# Sony Ericsson Z710i and iSync



## dwp (Aug 12, 2003)

Just renewed my agreement with Fido and for my trouble was given a SE Z710i. Wonderful but it doesn't work with iSync and although I could live without it having that feature would be a nice.

My question is... does Apple add new phones to it's iSync list on a regular basis or should I just go and buy the plugin I need now? I'm in no rush, but if iSync has become one of those forgotten apps, I'll make the purchase.

Any thoughts?


----------



## Macaholic (Jan 7, 2003)

If you're in no rush, I'd hold out for any updates to iSync when Mac OS X v. 10.5 "Leopard" is released. Apple promised its release in October.


----------



## adam.sn (Feb 7, 2007)

Hey 
Actually i have that exact setup and got it to work no problem. Everything syncs, it's fantastic. Just try this. mobile.feisar.com - Sony Ericsson Phone Plugins for iSync v2.4 K530, K530i, T650i, T650, S500, S500i, K310, K310i, K320, K320i, K510, K510i, K550, K550i, K618, K618i, K810, K810i, W830, W300, W300i, W610, W610i, W700, W700i, Z310, Z310i, W200, W200i,

Cheers. 
- Adam


----------



## dwp (Aug 12, 2003)

Thanks for the advice. I'll wait till October and see what Apple has to offer.


----------



## bierman (Nov 2, 2007)

*Feisar & 10.5*

Feisar has just said on their website that the Address Book sync doesn't work anymore with 10.5

Anyone have any more info on this?


----------



## pictor (Jan 29, 2007)

bierman said:


> Feisar has just said on their website that the Address Book sync doesn't work anymore with 10.5
> 
> Anyone have any more info on this?


Works fine for me. I have an ericsson 580i, and my address book synched fine last time I did a sync.


----------



## powz (Apr 25, 2007)

Sorry for the noobish question, but I'm thinking of buying the Ericsson w580 or w810. I'm worried about the lack of iTunes syncing, since I'll be replacing my iPod with one of these phones. Is there some other plug-in solution? Or will I have to replace iTunes with Sony's music software/manually drag files onto the phone? Thanks all!


----------



## irontree (Oct 28, 2006)

powz said:


> Sorry for the noobish question, but I'm thinking of buying the Ericsson w580 or w810. I'm worried about the lack of iTunes syncing, since I'll be replacing my iPod with one of these phones. Is there some other plug-in solution? Or will I have to replace iTunes with Sony's music software/manually drag files onto the phone? Thanks all!

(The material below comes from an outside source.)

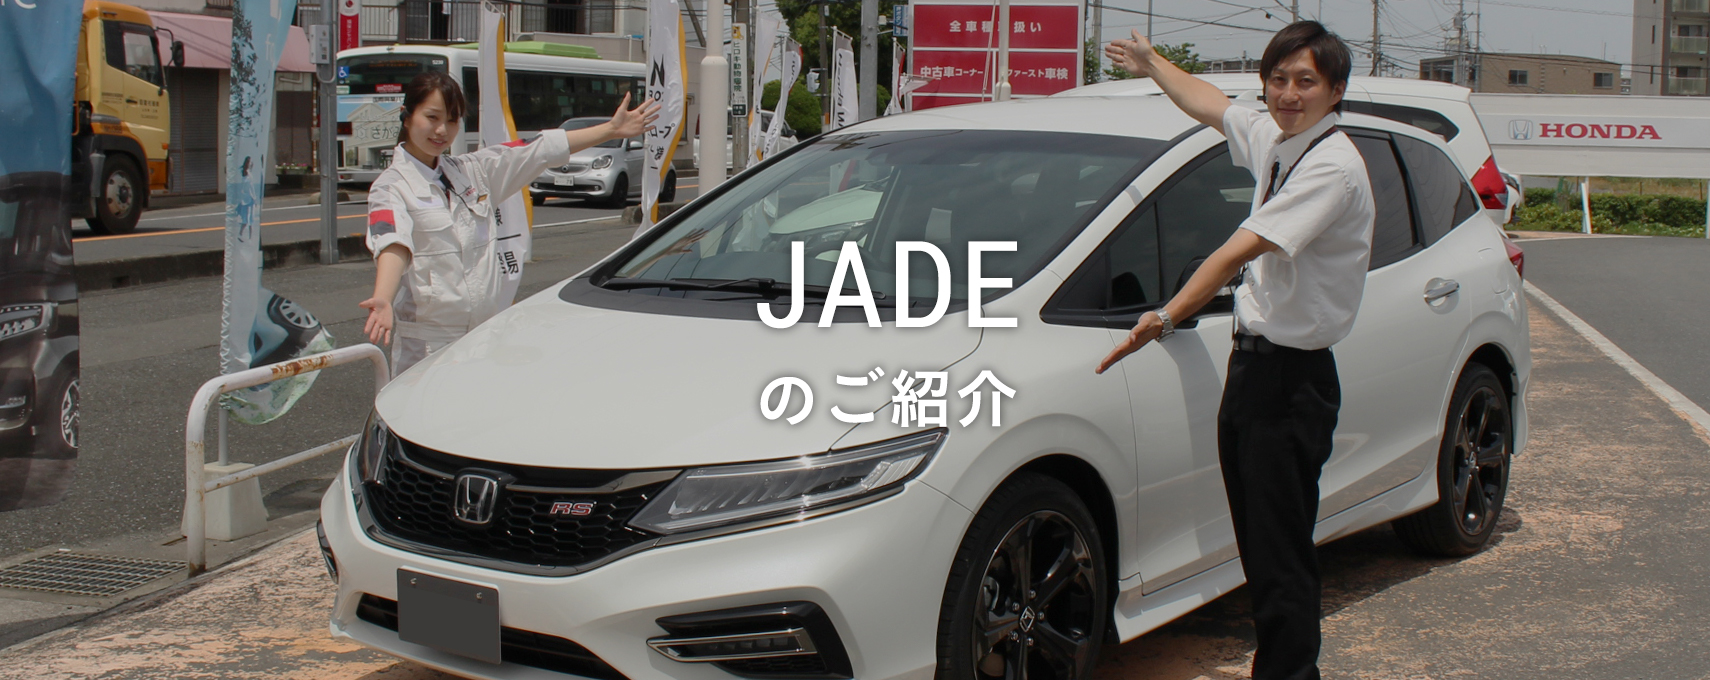 おすすめ車 Jade Honda Cars 志木

I have this phone(W 810i) and it has been a bit of pain to get tunes onto it.
First there is NO mac software offered for it by Sony. Secondly you can't just drag and drop files manually onto the phone because there is something inherent in the Mac OS that adds things to the file names which makes them unreadable by the phone. The only thing that worked for me was sending them via bluetooth albeit it extremely slow at only 40k/sec. I have tried using the windoze software in Parallels and that worked although it was even slower than bluetooth! I think this phone is USB 1.1 only???
Also ringtones will only work if they have DRM, meaning that you can't use just any tune out of your library as a ringer. (this can be defeated by unbranding your phone or downloading software from Sony that adds the DRM for you to your tunes)
Word of advice- this phone could NEVER replace an iPod in my opinion. The music playing software could never hold a candle to the interface of the iPod. Lack of gapless playback and track scrubbing made me never want to get rid of my iPod.
There are SOME positives to this phone though LOL. It does playback AAC (non DRM) and the FM radio is a nice touch. It also takes great pictures and syncs with iPhoto and Apple's address book and iCal. Also reception is a heck of a lot better than my old Razr.

Hope this info helps!


----------



## powz (Apr 25, 2007)

> I have this phone(W 810i) and it has been a bit of pain to get tunes onto it.
> First there is NO mac software offered for it by Sony. Secondly you can't just drag and drop files manually onto the phone because there is something inherent in the Mac OS that adds things to the file names which makes them unreadable by the phone. The only thing that worked for me was sending them via bluetooth albeit it extremely slow at only 40k/sec. I have tried using the windoze software in Parallels and that worked although it was even slower than bluetooth! I think this phone is USB 1.1 only???
> Also ringtones will only work if they have DRM, meaning that you can't use just any tune out of your library as a ringer. (this can be defeated by unbranding your phone or downloading software from Sony that adds the DRM for you to your tunes)
> Word of advice- this phone could NEVER replace an iPod in my opinion. The music playing software could never hold a candle to the interface of the iPod. Lack of gapless playback and track scrubbing made me never want to get rid of my iPod.
> ...


Thanks so much for the info! That sounds a bit like a nightmare. After asking this question I did a bit of research and found a couple of programs that help sync iTunes on a Mac with some Ericsson phones, though neither work with Leopard yet. In case you weren't aware of them, they're called "iTuneMyWalkman" and "SyncTunes". I think they're both available on Mac OS X Software Updates and Mac OS X Downloads - VersionTracker But I guess you still can't beat the iPod usability, though.


----------